A seguir incluo um pequeno trecho do FAQ encontrado no website do
projeto. Não deixe também de visitar o website.
Clara differs from other OCR softwares in various aspects:
1. Most known OCRs are non-free and Clara is free. Clara focus the X windows
system. Clara offers batch processing, a web interface and supports
cooperative revision effort.
2. Most OCR softwares focus omnifont technology disregarding training. Clara
does not implement omnifont techniques and concentrate on building
specialized fonts (some day in the future, however, maybe we'll try
classification techniques that do not require training).
3. Most OCR softwares make the revision of the recognized text a process
totally separated from the recognition. Clara pragmatically joins the two
processes, and makes training and revision parts of one same thing. In fact,
the OCR model implemented by Clara is an interactive effort where the usage
of the heuristics alternates with revision and fine-tuning of the OCR, guided
by the user experience and feeling.
4. Clara allows to enter the transliteration of each pattern using an
interface that displays a graphic cursor directly over the image of the
scanned page, and builds and maintains a mapping between graphic symbols and
their transliterations on the OCR output. This is a potentially useful
mechanism for documentation systems, and a valuable tool for typists and
reviewers. In fact, Clara OCR may be seen as a productivity tool for typists.

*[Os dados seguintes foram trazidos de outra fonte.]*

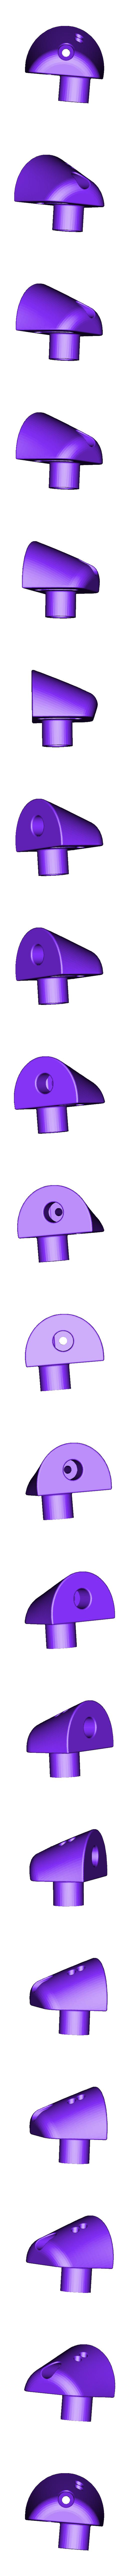 pouce_-_m%C3%A9tacarpe_3A.stl Download free STL file Articulated hand • 3D printer model, NOP21

5. Most OCR softwares are integrated to scanning tools offerring to the user
an unified interface to execute all steps from scanning to recognition. Clara
does not offer one such integrated interface, so you need a separate software
(e.g. SANE) to perform scanning.
6. Most OCR softwares expect the input to be a graphic file encoded in tiff
or other formats. Clara supports only raw PBM.